A Week On Planes
This week has been, in various different ways, a living hell.
The signs were never propitious: two separate trips to two different parts of the country spanning three days and six flights (including connections). The first trip involved driving down to San Jose to catch a flight, then back up from there late the same day; the next trip involved a 5.40am flight out of San Francisco, an overnight stay, a two and a half hour drive and a two-sector flight back from a different airport. When you rack up the things that could potentially have gone wrong, they’re relatively numerous.
In some ways it almost feels like even more things went wrong than I was expecting. I won’t do the whole saga, because it’s just too depressing, but I will cite the joy of turning up at an airport for the flight back (part 1) on Wednesday night to be told it was cancelled and I’d been rebooked for the following day as the point at which I knew this was the worst week of travel ever. And I’ve had some contenders for that prize.
What I will note though is the way this whole process works. I’ve been thinking about this a lot as I whiled away time jammed in a middle seat between a large woman on one side and a shockingly smelly man on the other, or waited in airports to see if I would get on to the flight or not.
I think I’ve been spoiled by the fact that so much of my travel is on international routes with carriers like British Airways and Virgin Atlantic, and they just take more time and trouble. The US domestic market is a totally different kettle of fish. Or class of cattle.
To begin with, the way flights are oversold makes no sense to me. Not the fact that it happens - I understand it probably better than most people, because I’ve worked for an airline. But perilously close to twenty years ago when I did so, that airline (it’s the one mentioned above that’s mostly referred to by its initials), already had the practice down pretty much to a science. You could turn up at the start of a shift with a major flight (say the first flight of the day from Heathrow to JFK) looking scarily oversold, and by the time it actually took off there would be a handful of free seats. That was impressive.

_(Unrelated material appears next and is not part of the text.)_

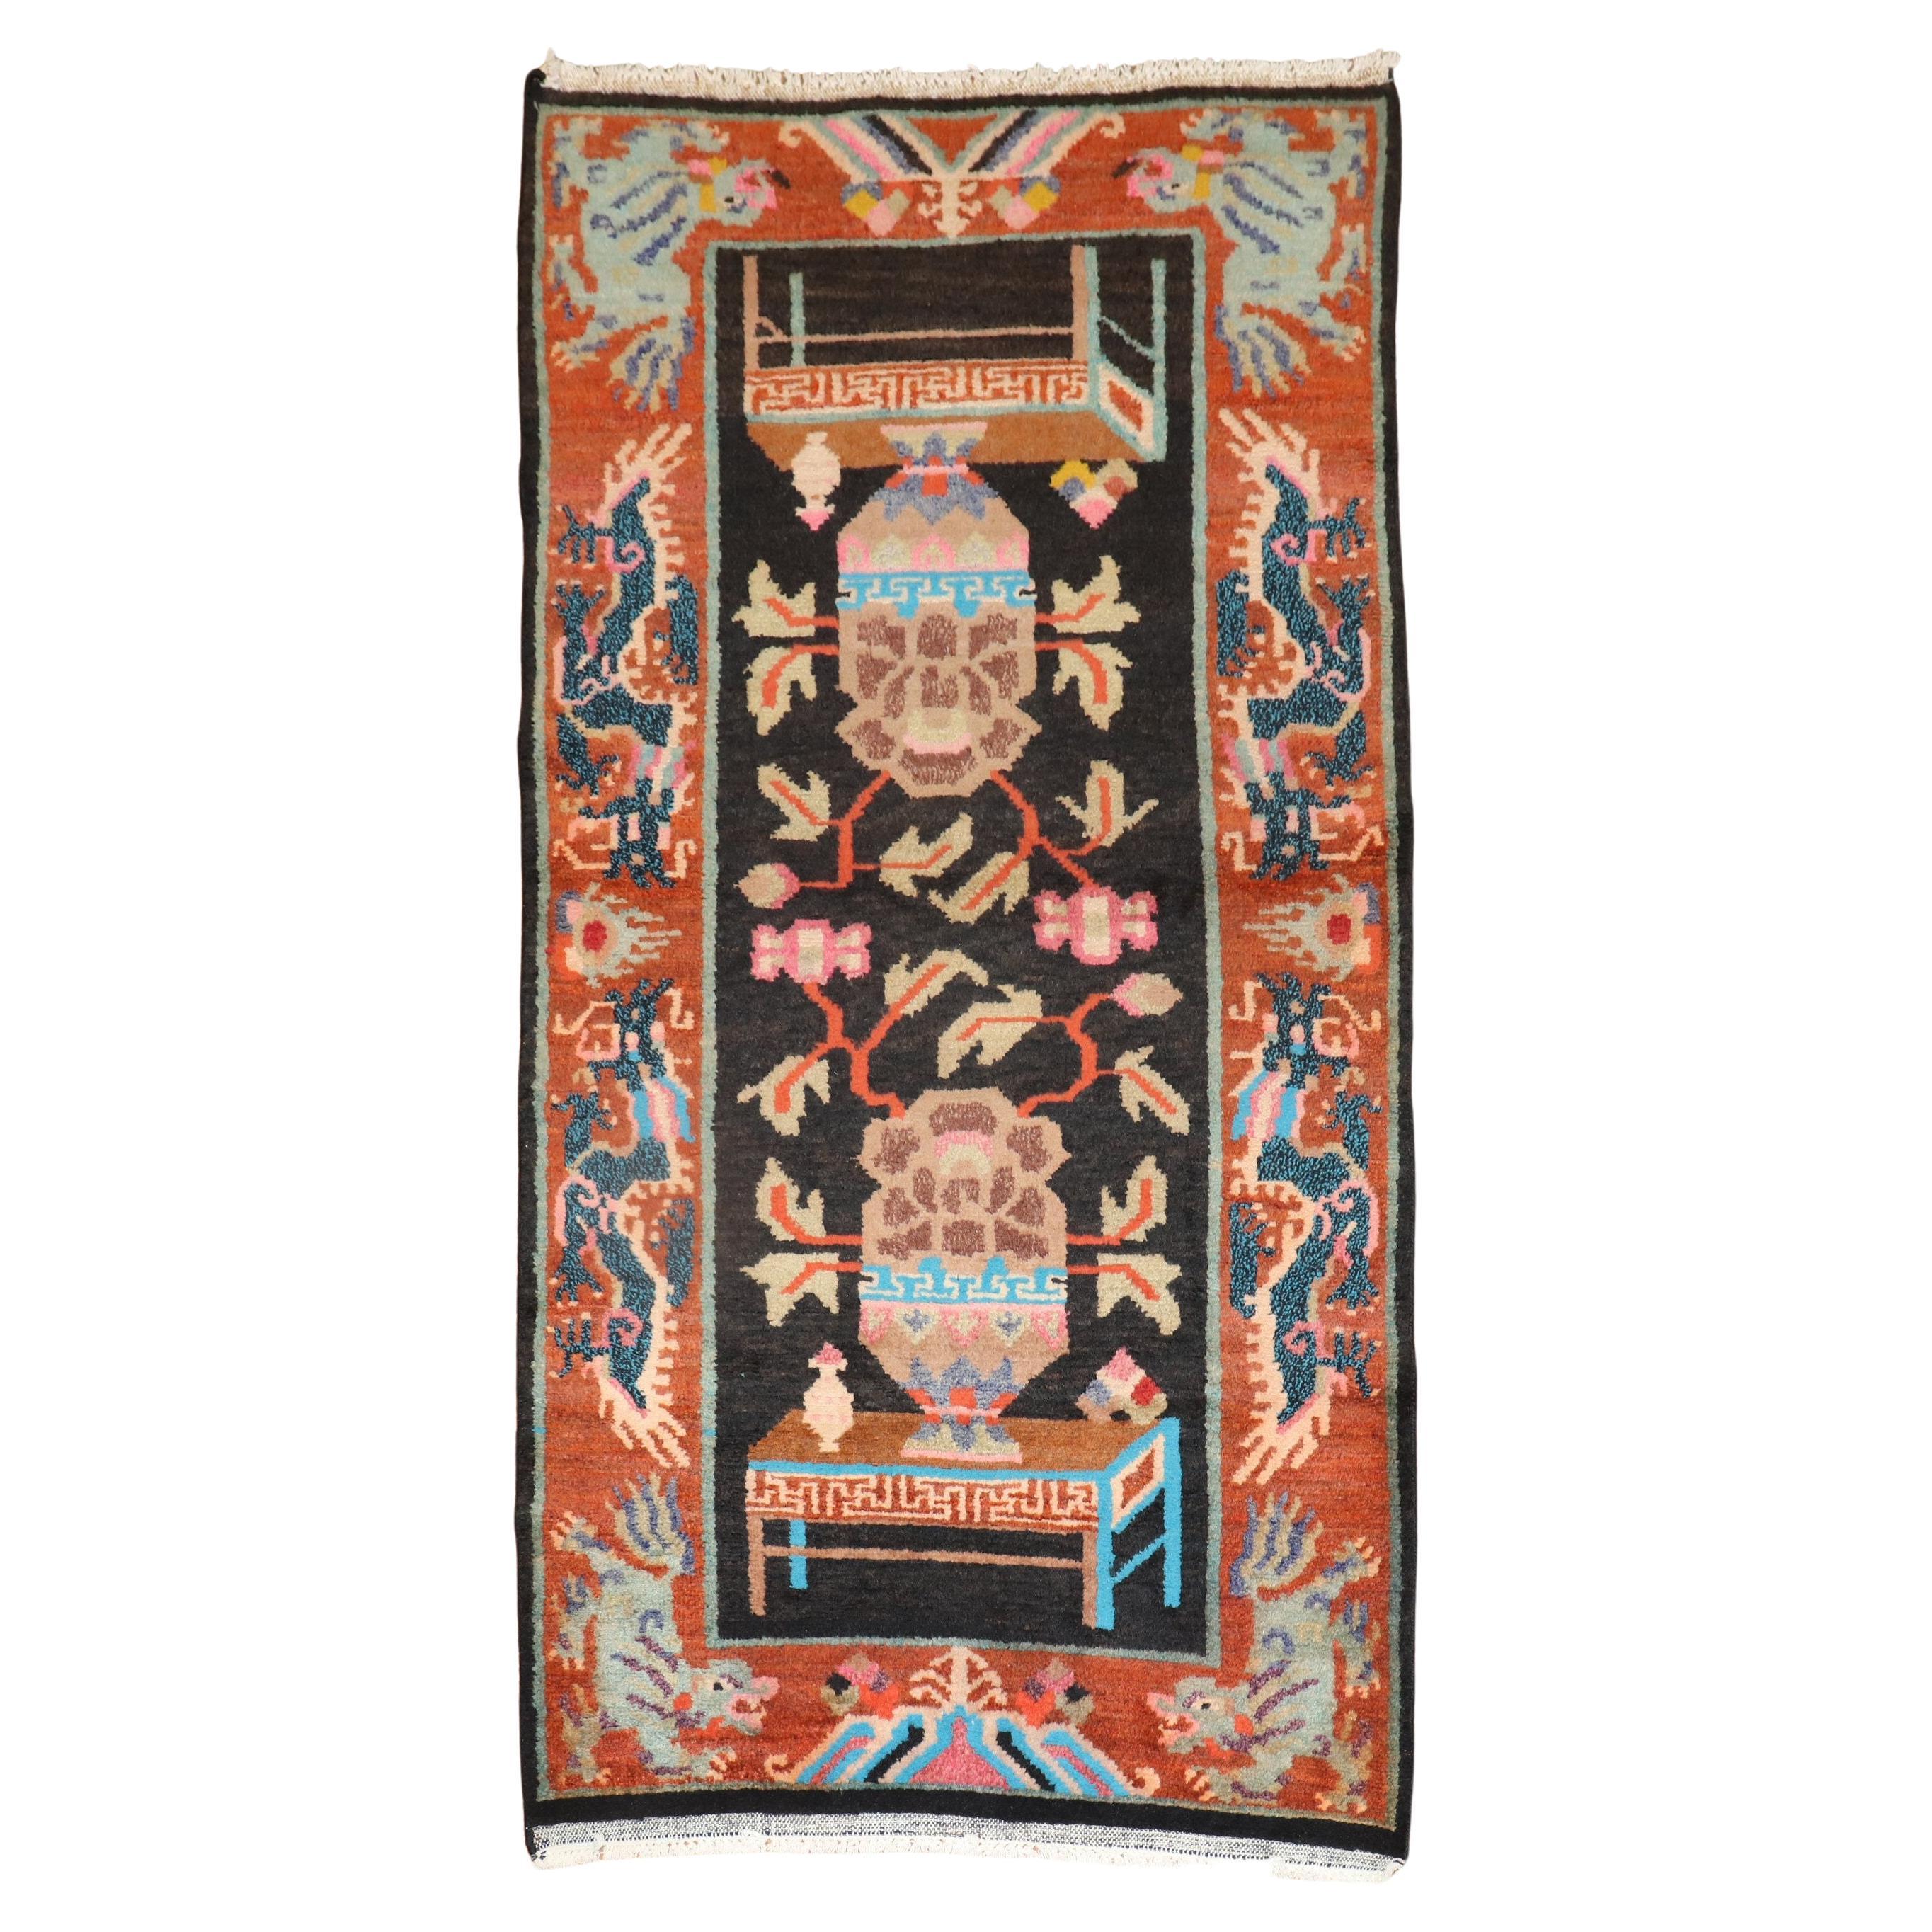 Skurriler Vintage-Tibet-Teppich
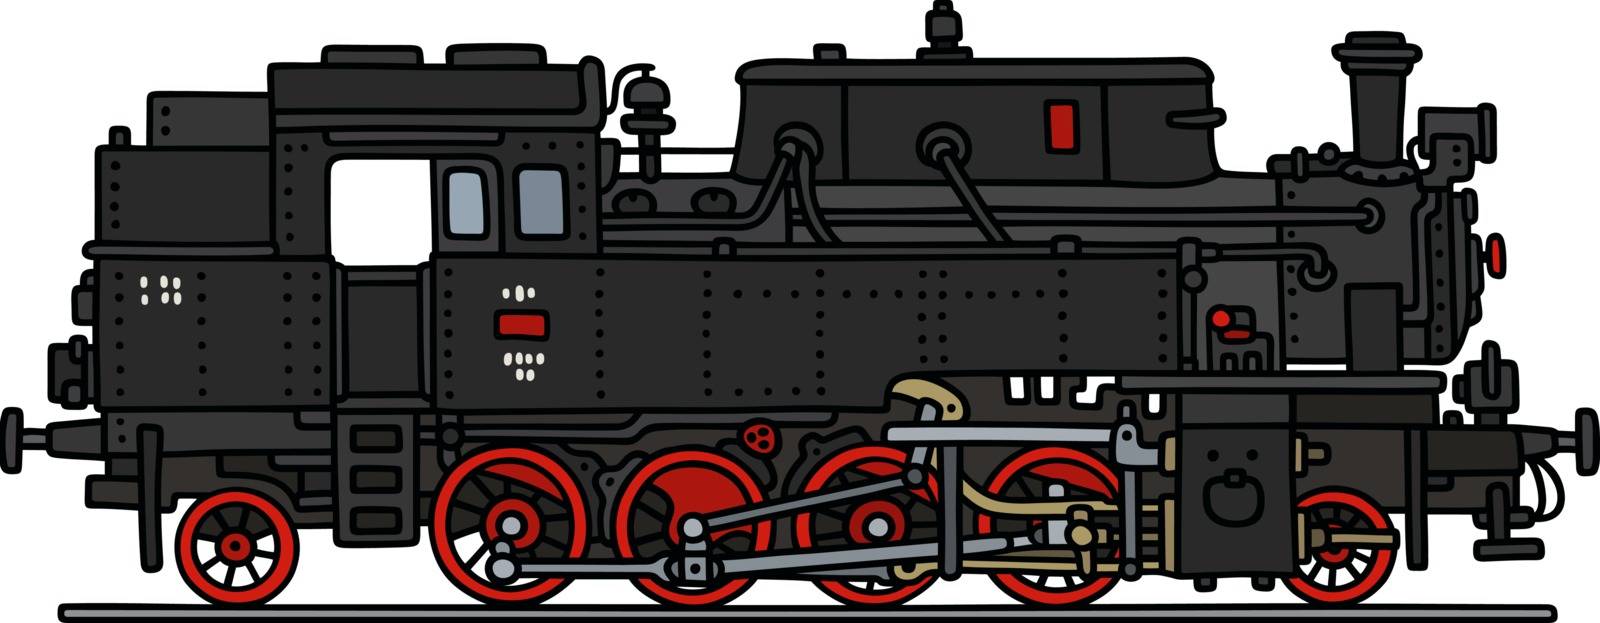 The vintage steam locomotive by vostal

US domestic airlines, on the other hand, appear to have eschewed science in favour of the time-honoured method of thinking of a number then doubling it. In the last six weeks I’ve been held unable to “obtain a seat assignment” until the flight closed no fewer than six times, and every one of those flights left people behind (including me once) . I know the scale and complexity is different. I know this. But I still don’t see why it’s so hard.
And when the flights are canceled, as occasionally and inevitably happens, people seem just to lay down and let the airline wheel a baggage trolley over them. When I arrived to find my flight to Minneapolis canceled and that I’d been rebooked for the following day, I had a conversation with the ticket desk guy and he found me an alternative routing on another airline that same day. I was very happy with this service, shook his hand, and have mailed his company to say how pleased I was with his service. Conversely, at the desk next door a couple wheeled an elderly man up because his flight somewhere else had been scrapped, were told to come back the following day (when a seat may be available on a flight), and with a resigned sigh they turned away, saying “we’d better find a hotel for the night then”.
So is that it then? Are US domestic passengers so used to flights being canceled and seats rebooked with no consultation that it’s just regarded as the norm? Because if I turned up for a BA or Virgin flight that had been canceled, I’m fairly sure I’d get a little more explanation and support than that. In fact, I know I would, because I have.
Pam at Pam’s House Blend has an occasional series of posts involving one airline or another screwing up her plans, so I’m trying to work out if it’s unusual enough that it’s worthy of note or so commonplace that it’s more of a “latest chapter in the saga” thing. From her tone, probably the latter.
Please don’t get me wrong. I really do know that running a fleet of ‘planes across a complex hubbing operation like those the US carriers tend to operate is astonishingly complex, and often the things that go wrong (as things inevitably will) are totally outside their control. In this week’s case, huge storms had totally shut down an airport. No one can help that.
But when you pile up the general lack of support or communication, the frequency of (bad) overbooking and the generally terrible level of in-flight service you get on these carriers, an act of god seems like the last nail in the coffin. At least there are a few high quality alternatives, like Virgin America, but their route network is still so limited it’s hard to regard them as a real option for a lot of journeys.
I love flying. I love planes. But it’s getting harder and harder to sustain that enthusiasm of late.